* **Task**: Below are lines of records; copy exactly those from the one containing "A record breaking" through the one containing "Allenair CH-P Seal", leaving the pictures behind.

* **Dataset records**:
*** Begin section ***
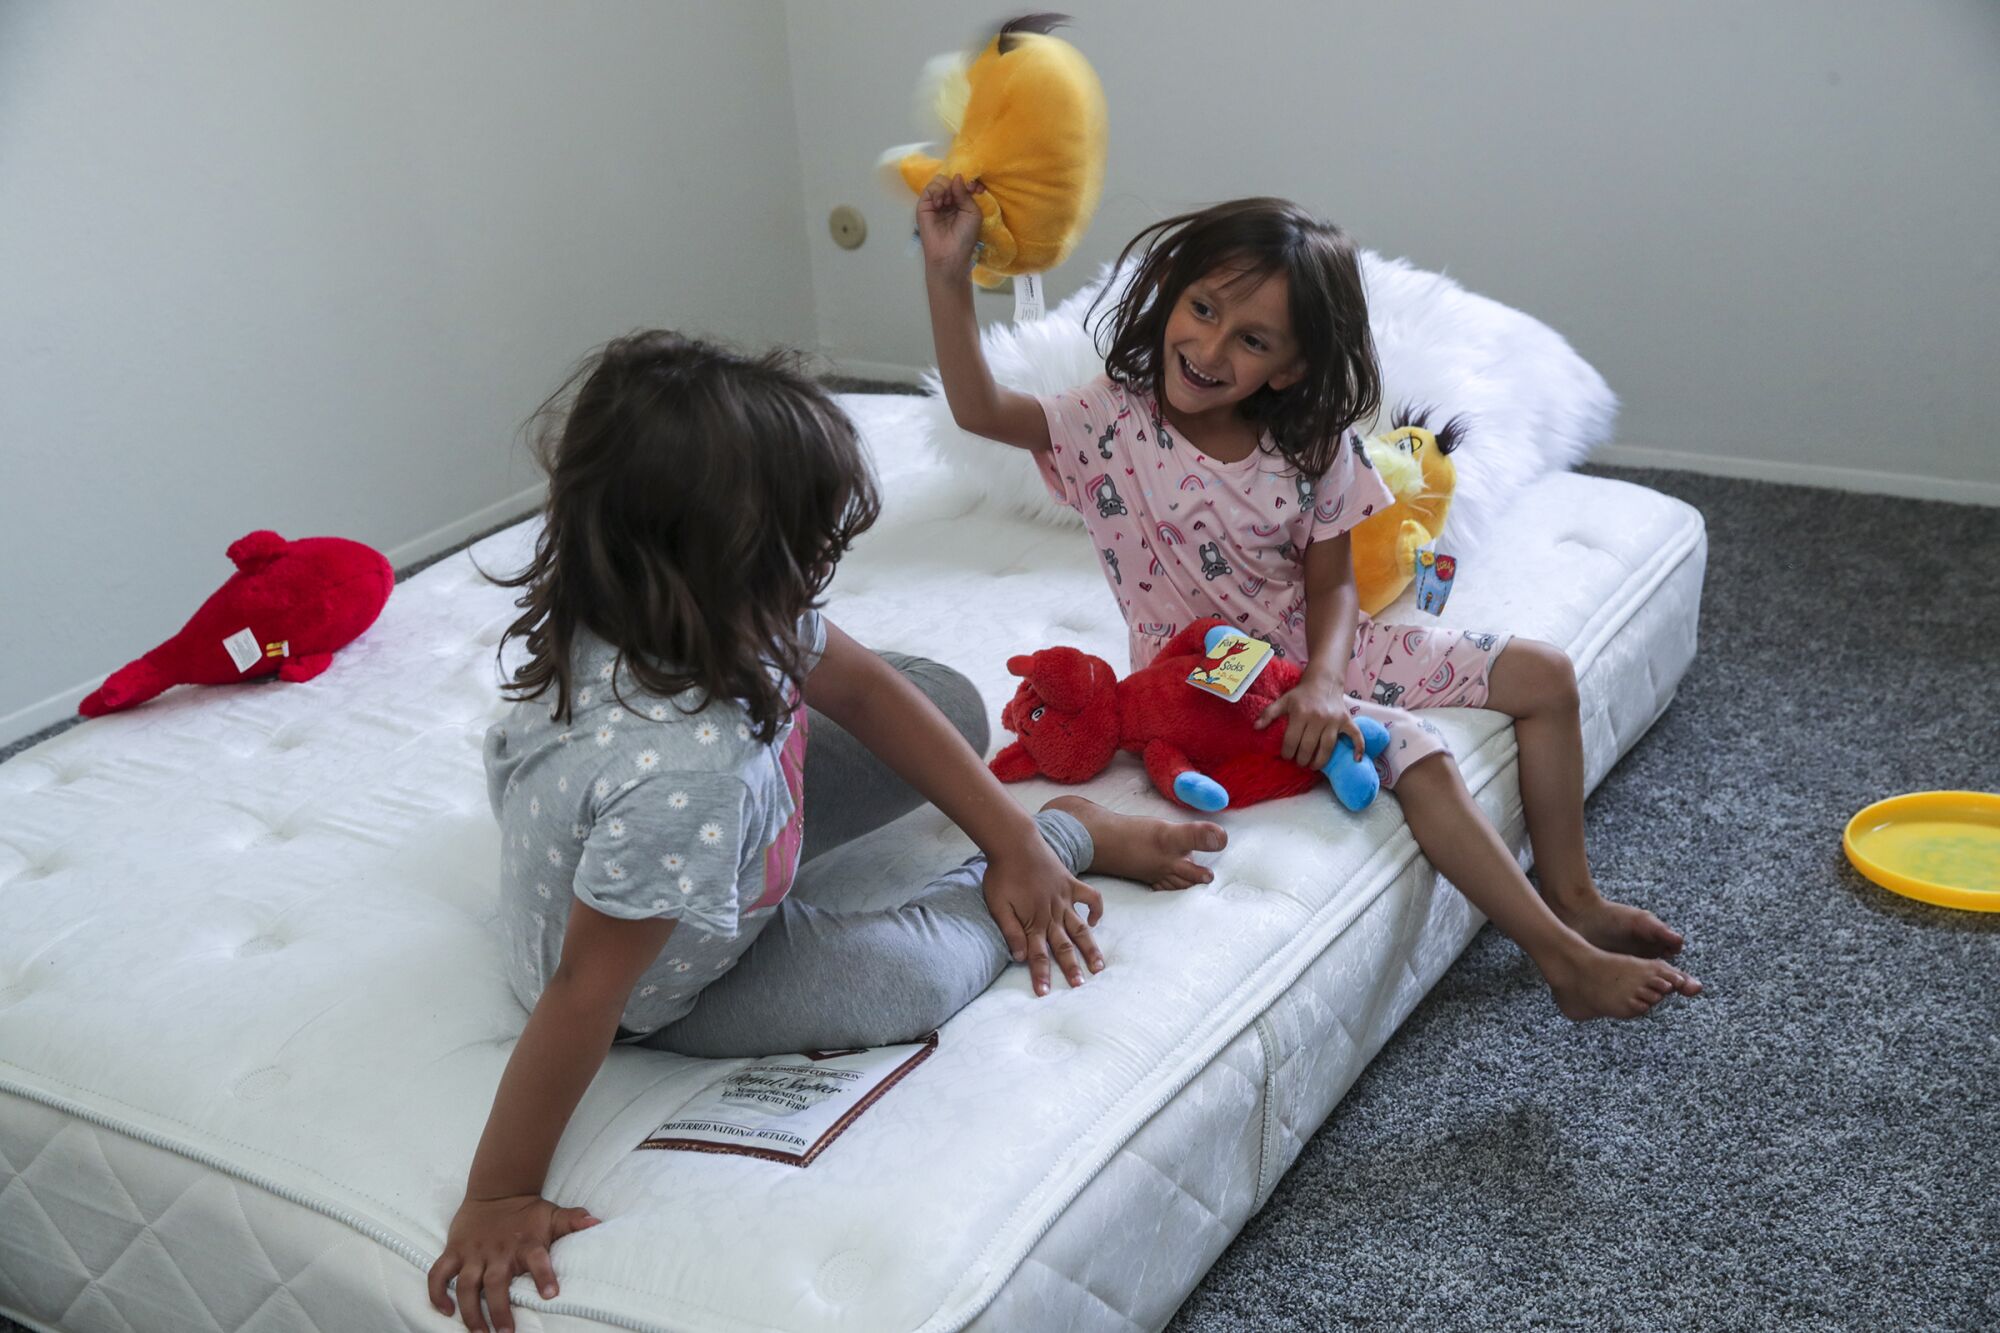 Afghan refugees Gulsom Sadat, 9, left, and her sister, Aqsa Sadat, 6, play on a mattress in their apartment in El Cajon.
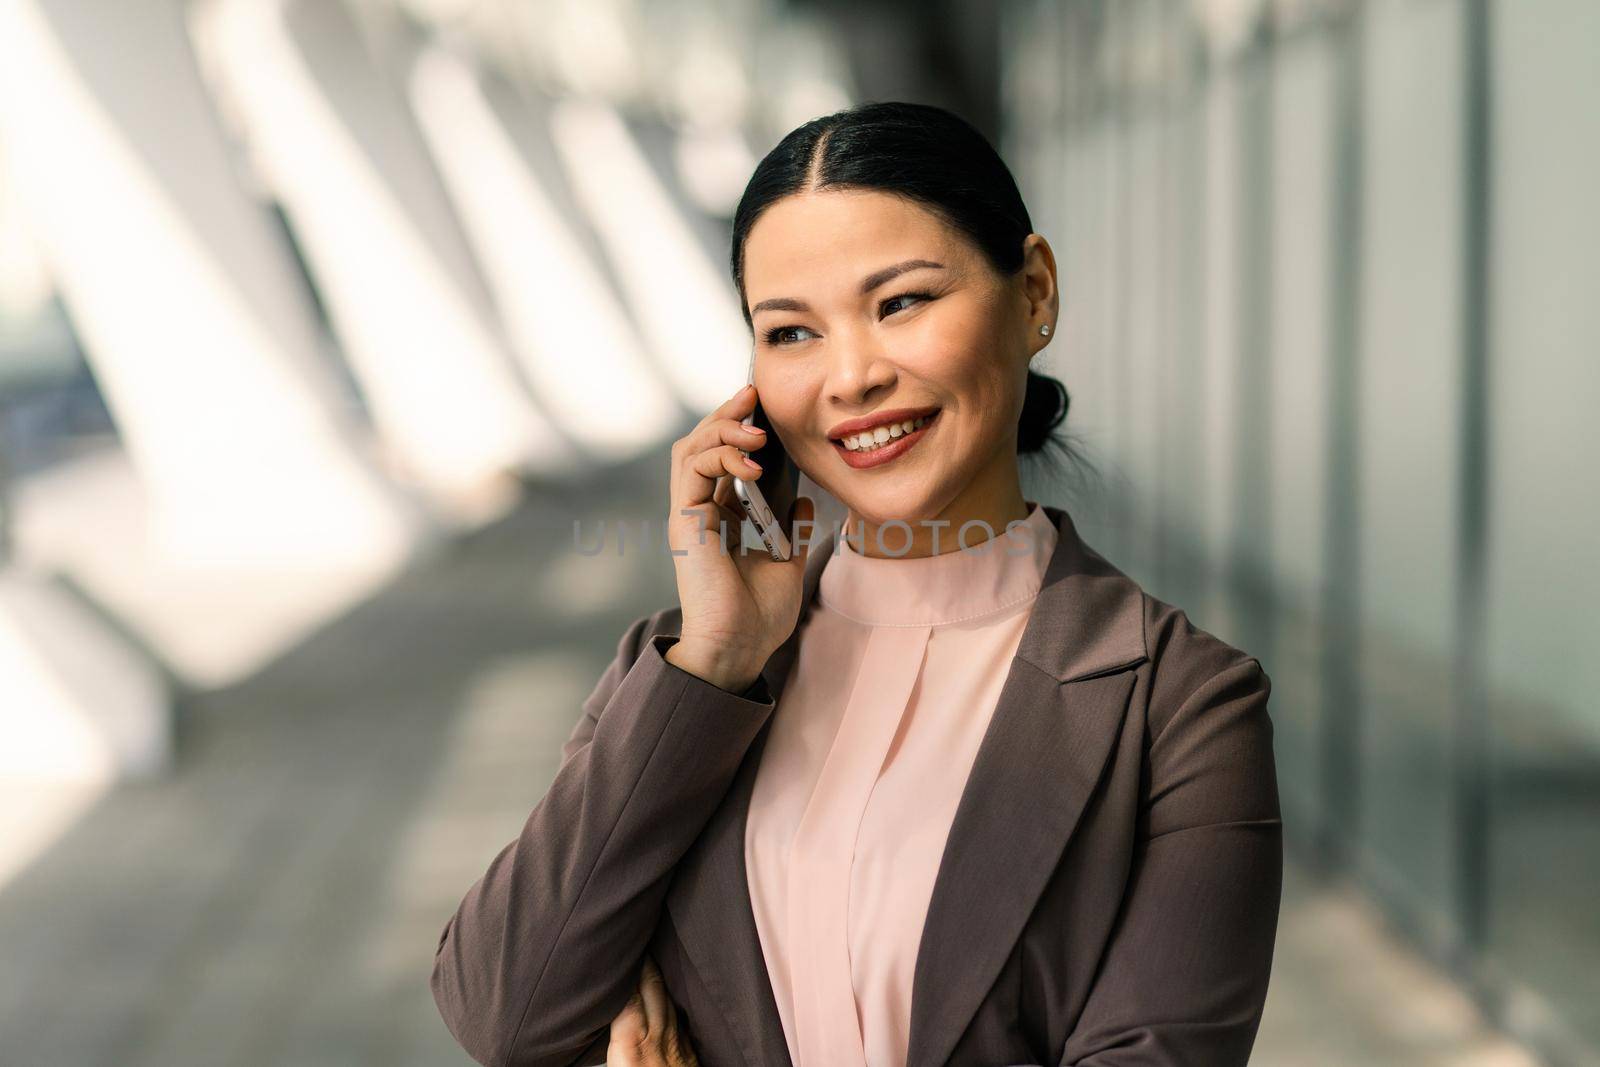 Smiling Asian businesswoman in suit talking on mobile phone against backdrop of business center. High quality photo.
*** End section ***
*** Begin section ***
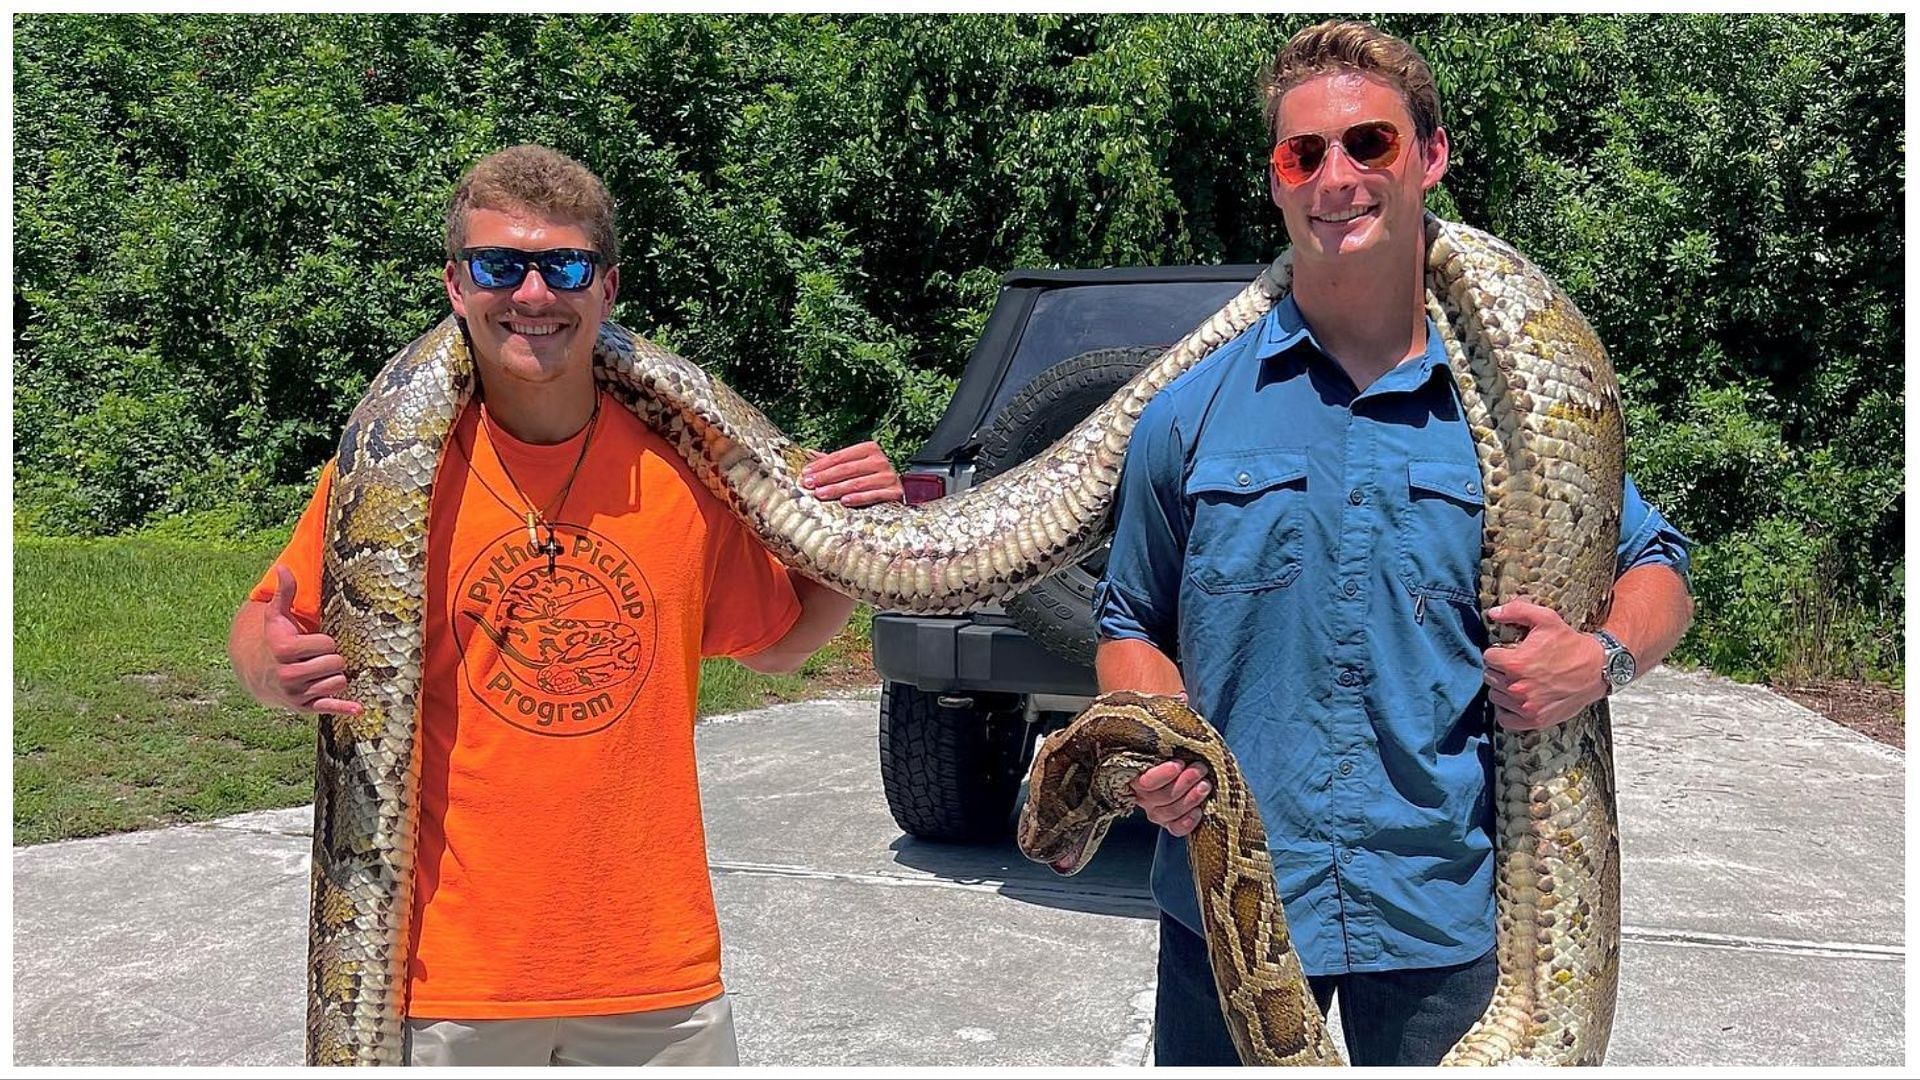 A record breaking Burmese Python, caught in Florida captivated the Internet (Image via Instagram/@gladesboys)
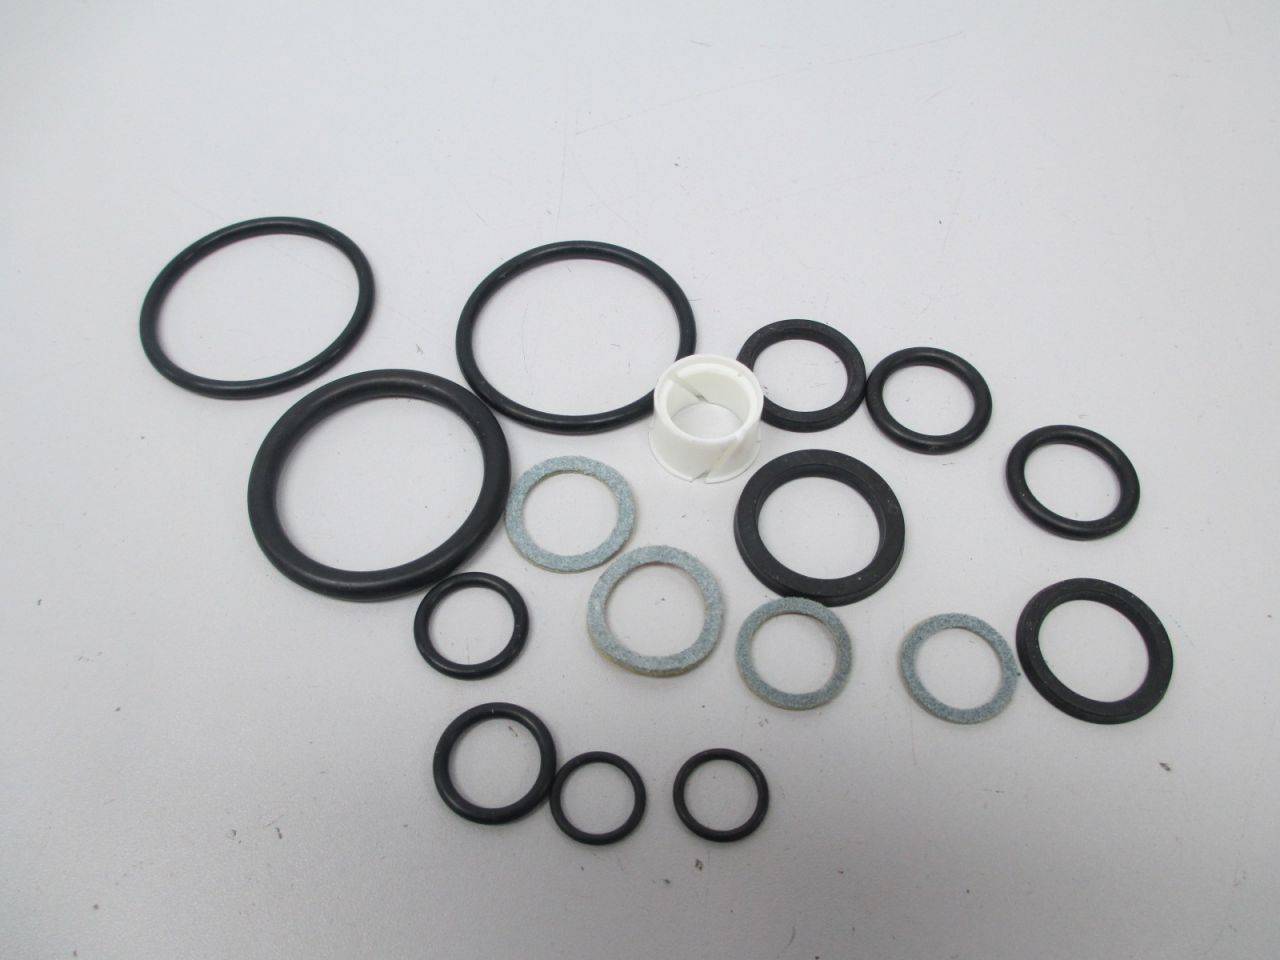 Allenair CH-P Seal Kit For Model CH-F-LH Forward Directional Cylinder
*** End section ***
* **Task output**:
 A record breaking Burmese Python, caught in Florida captivated the Internet (Image via Instagram/@gladesboys)
 Allenair CH-P Seal Kit For Model CH-F-LH Forward Directional Cylinder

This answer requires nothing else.